Tandis qu’une ordonnance de la Cour donnait à l’entente de 2006 sa pleine force exécutoire, l’ACPPU a continué de négocier pour élargir les conditions rattachées à l’établissement des cibles dans l’entente signée par les plaignantes. En juin 2019, toutes les parties ont approuvé un règlement comportant de nouvelles conditions en sus de celles de 2006, notamment l’instauration d’un cadre d’action étalé sur dix ans qui permettrait au PCRC de refléter la diversité de la population canadienne, la fixation de cibles institutionnelles pour améliorer la représentation des quatre groupes désignés, mais aussi pour inclure les membres de la communauté LGBTQ+.

« Il ressort des modifications apportées au programme des CRC que la sous-représentation n’était pas la conséquence d’un manque de candidats qualifiés, mais plutôt de principes ou de pratiques de discrimination et d’exclusion tant dans la société que dans le secteur académique comme tel. En éliminant ces obstacles, nous pourrons mieux encourager l’excellence, l’innovation et l’équité dans le milieu de la recherche », insiste David Robinson.
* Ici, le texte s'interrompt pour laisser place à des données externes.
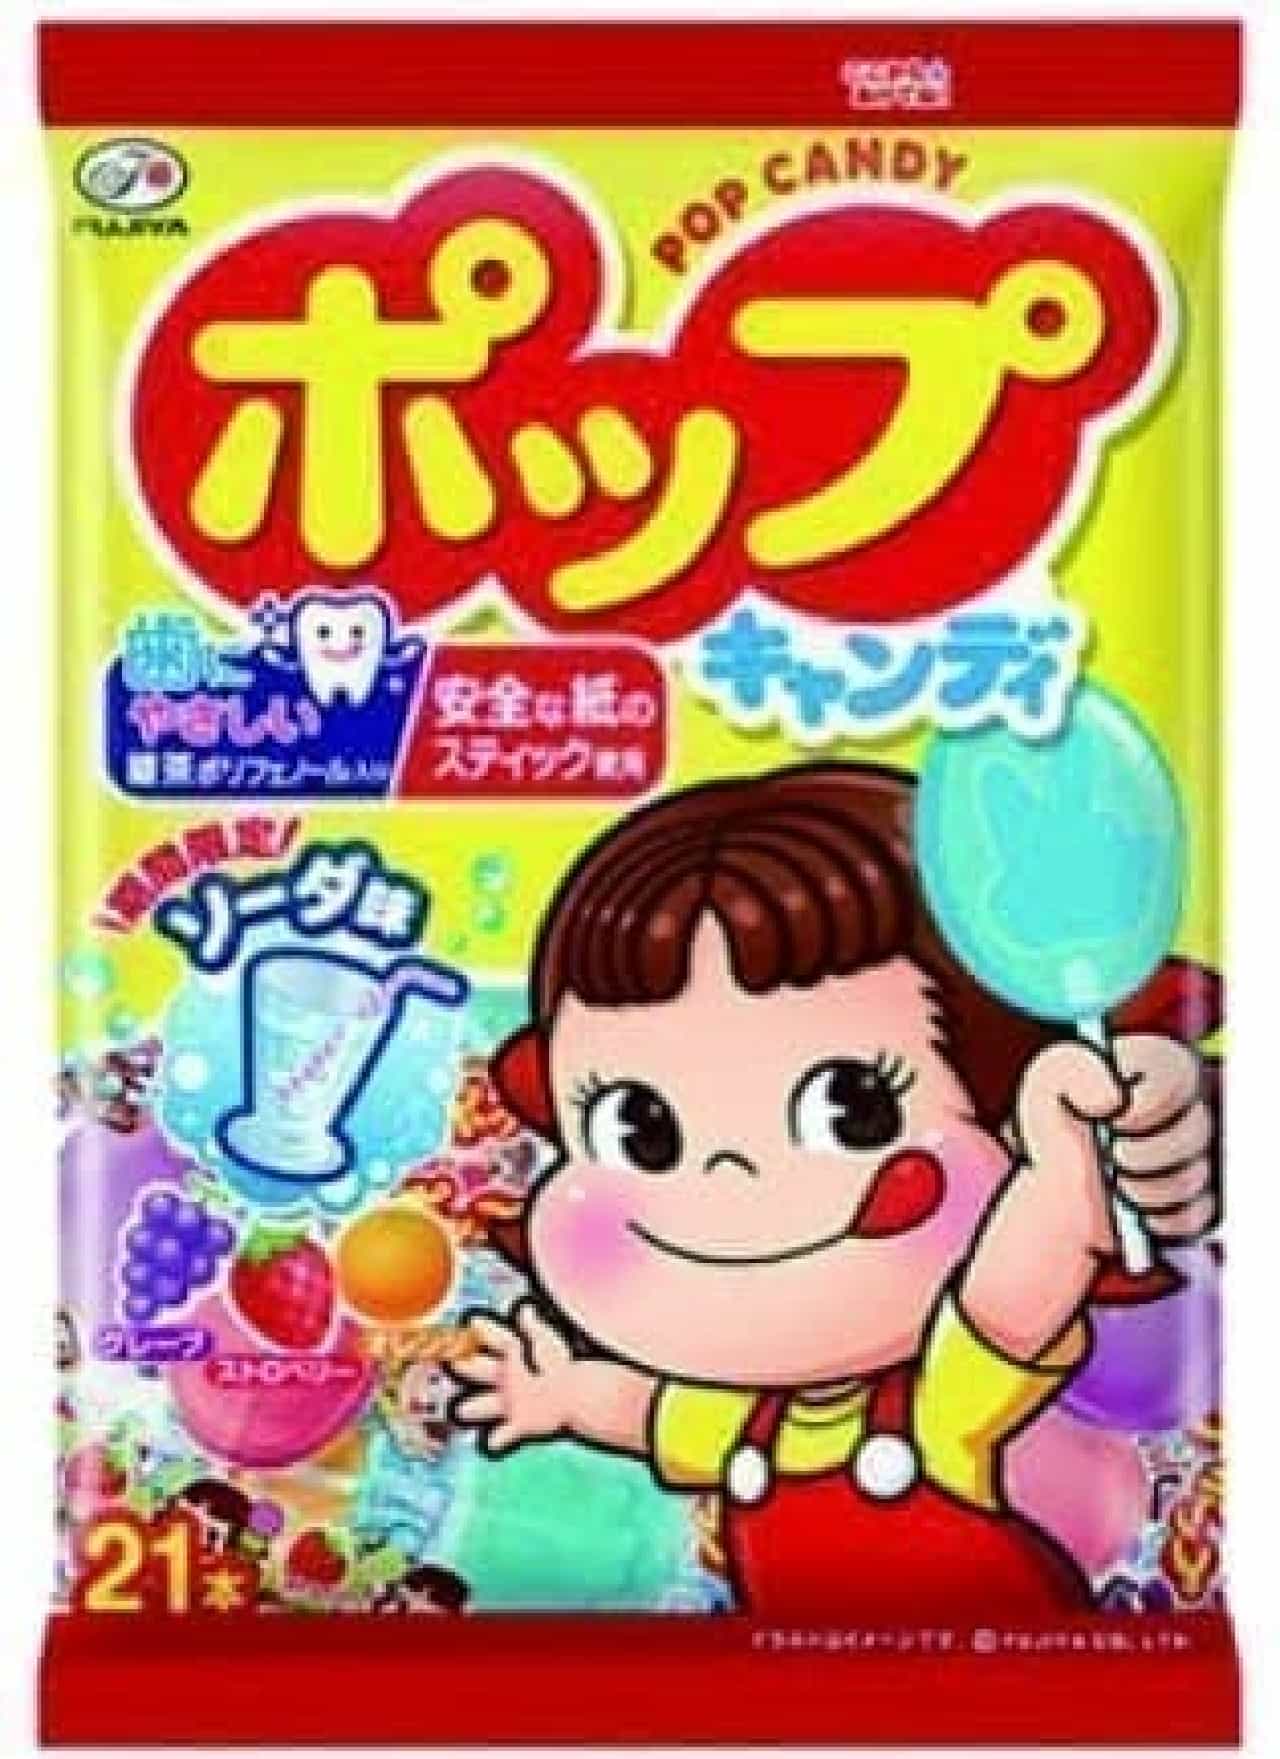 Fujiya "Pop Candy"

« Une fois l’accord pleinement en vigueur, la représentation des groupes désignés reflétera leur représentation au sein de la population canadienne et non pas leur seule représentation dans les universités, signale la professeure en science politique et coplaignante Marjorie Griffin Cohen. C’est un élargissement important du concept d’égalité, quelque chose qui a le pouvoir d’entraîner des changements significatifs, particulièrement si, dans le futur, son champ d’application est étendu à d’autres groupes et, plus largement, aux établissements publics. »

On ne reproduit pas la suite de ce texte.